The approach in tridesclous is to let the user choose the method but validate manually the choice with the CatalogueWindow. The user eye and intuition is better a weapon than a pre parametrised algotihm.

As we are lazy, we did not implement any of theses methods but use them from sklean package. However, two home made methods are implemented here: sawchaincut and prunningshears, be curious and test then. sawchaincut and pruninsheass is more or less what all we want : a full automated clustering, this works rather well on dense multi-electrode array when there is a high spatial redundancy (a spike is seen by several channels) but need some manual curation (like every automated clustering algorithm). pruninsheass is the most recent and give better results.

The actual method list is:
  • kmeans super classic, super fast but we need to decide n_cluster
  • gmm gaussian mixture model another classic, we need to decide n_cluster
  • agglomerative for trying, we need to decide n_cluster
  • dbscan density based algorithm n_cluster should be automatic. But eps parameters play a role in the results.
  • hdbscan identic with without eps. Very usefull for low channel count.
  • isosplit : develop by Jeremy Maglang for moutainsort, very impressive on tetrode datasets.
    Unfortunatly works only on linux and sometimes unstable. Must installed separately.
  • sawchaincut this is a home made, full automatic, not so good, not so bad, dirty, secret algorithm. It is density based. Most beautiful and well isolated clusters should be captured by this one.
  • pruningshears this is also a home made stuff. Internal it use hdbscan but have a slow and but efficient strategy to explore sub space based on spatial (geometry) information. If you don’t known which one to choose and you are in a hurry, take this one.

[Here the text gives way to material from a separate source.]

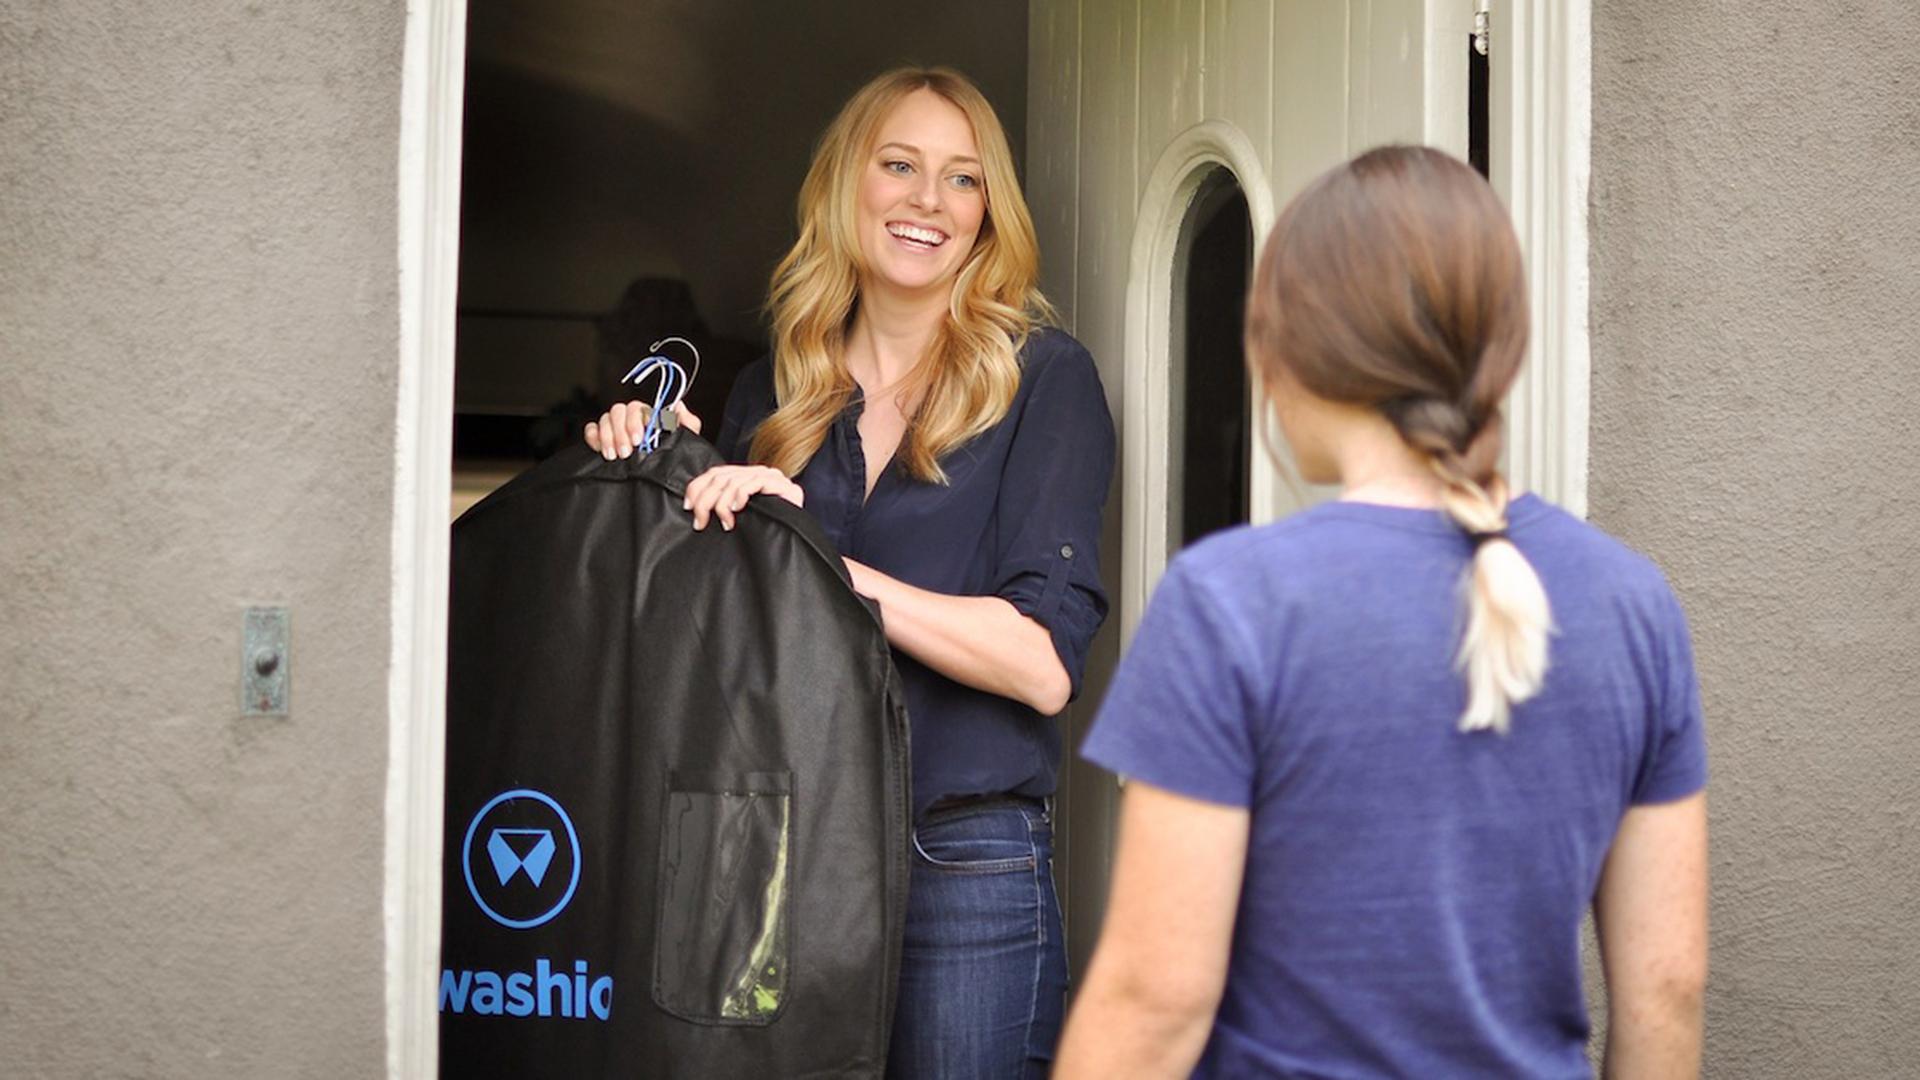 Washio, The On-Demand Laundry

In between sample interpolation

A non intuitive but strong source of noise is the sampling jitter. Signals are digitaly sampled between 10kHz and 30kHz so the inter sample interval is between 33 and 100 μs. A spike been a very short event, the true of the signal peak before digitalisation have few chance to be at the same time than the sample. It is in fact in between 2 samples with a random uniform low.

You can observe it easly: you compute the centroid with the median of a cluster and you can see a big overshoot of the variance (done with the mad) around the peak. This is due to high first derivative et poor alignement.

At the Peeler level, we need to compensate this jitter before substract the centroid from the signal otherwise the residual will show strong fake peak around the true peak (like the mad). This is due to jitter. The remain noise amplitude if no jitter compensation can be in order of magnitude of 2 or 3 mad. The phenonem is really clear with spike with big amplitude at 10kHz. At upper sample rate with small peak this is less important.

The method used for jitter estimation and cancellation is describe here. In short this method based on taylor expanssion is fast and acurate enough.